We're not great fans of Paul Holmes. But on his Newstalk ZB programme yesterday, we listened transfixed by one of the best interviews we'd heard for some time.
Holmes was interviewing Henare O'Keefe, a Hastings District Councillor recently awarded the New Zealand Local Hero of the Year. You can hear the interview here.
He talks about his years working at Tomoana freezing works where he "went in as a boy and came out as a man.". He also talks about having earned a PhD in relationships while working there, and that becomes evident in his later comments.
At around the 8m35s mark where O'Keefe talks about his belief that children are the products of the environment in which they are brought up; he says "there's no such thing as a bad baby. Something has happened in that child's life for them to walk around with a chip the size of Te Mata Peak on both shoulders." He then says "Change the home and you'll change the community, in my humble opinion.".
Holmes then asks Mr O'Keefe about his experiences as a foster parent; he and his wife have fostered over 200 children. It's fantastic to hear him talk about children who has thrived as a result of the environment to which they had been exposed in the O'Keefe whanau home.

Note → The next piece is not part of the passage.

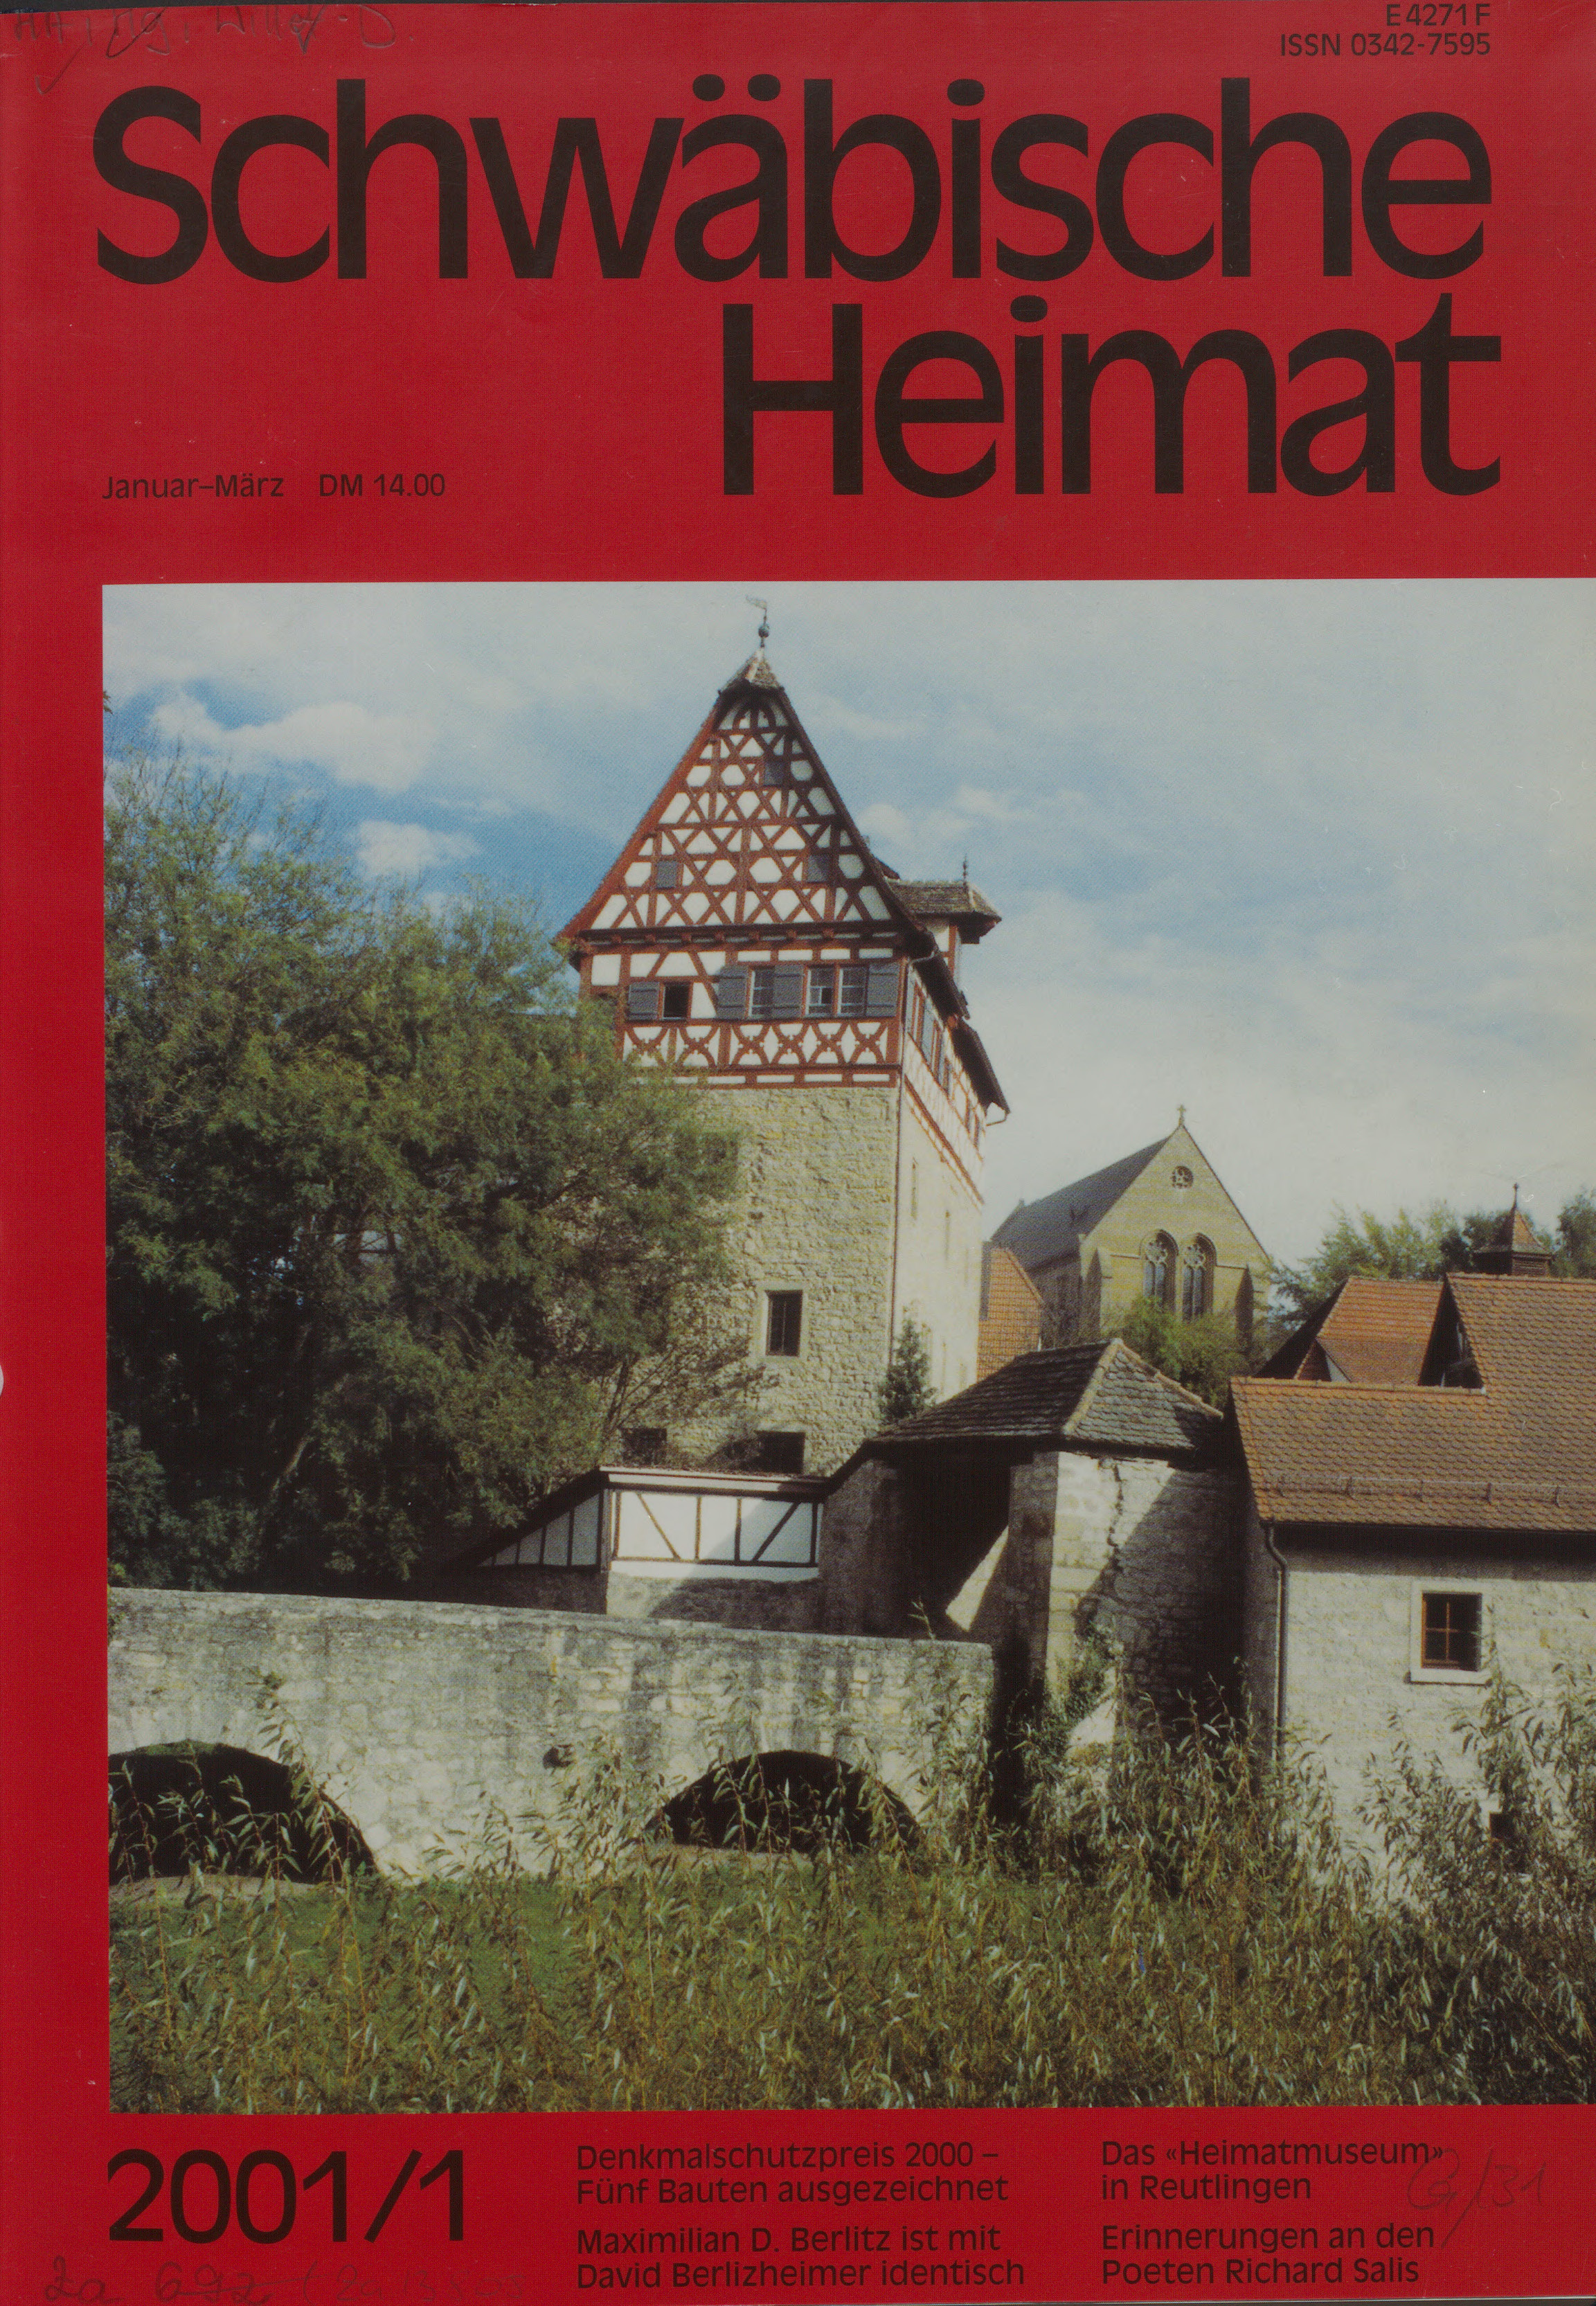                     Ansehen Bd. 52 Nr. 1 (2001): Schwäbische Heimat

And then comes the real kicker; he tells of his own childhood, and the lesson he learned from his parents that "poverty is not an excuse to fail". And he's dead right. Earlier in the interview he comments that his goal and prayer is to "get Flaxmere out of grievance mode", and that while communities may have issues "we harbour the solutions as well".
This is a wonderful interview with a man of great wisdom and mana; it's well worth the investment of 15 minutes of your time this morning. New Zealand is a far better place for contribution of the likes of Henare O'Keefe. We congratulate him on being deservedly awarded the title of New Zealand Local Hero of the Year; kia kaha, kia toa, kia manawanui.
1 comments:
Your heading says it all.
Thanks for alerting me to these wise words from a fine man.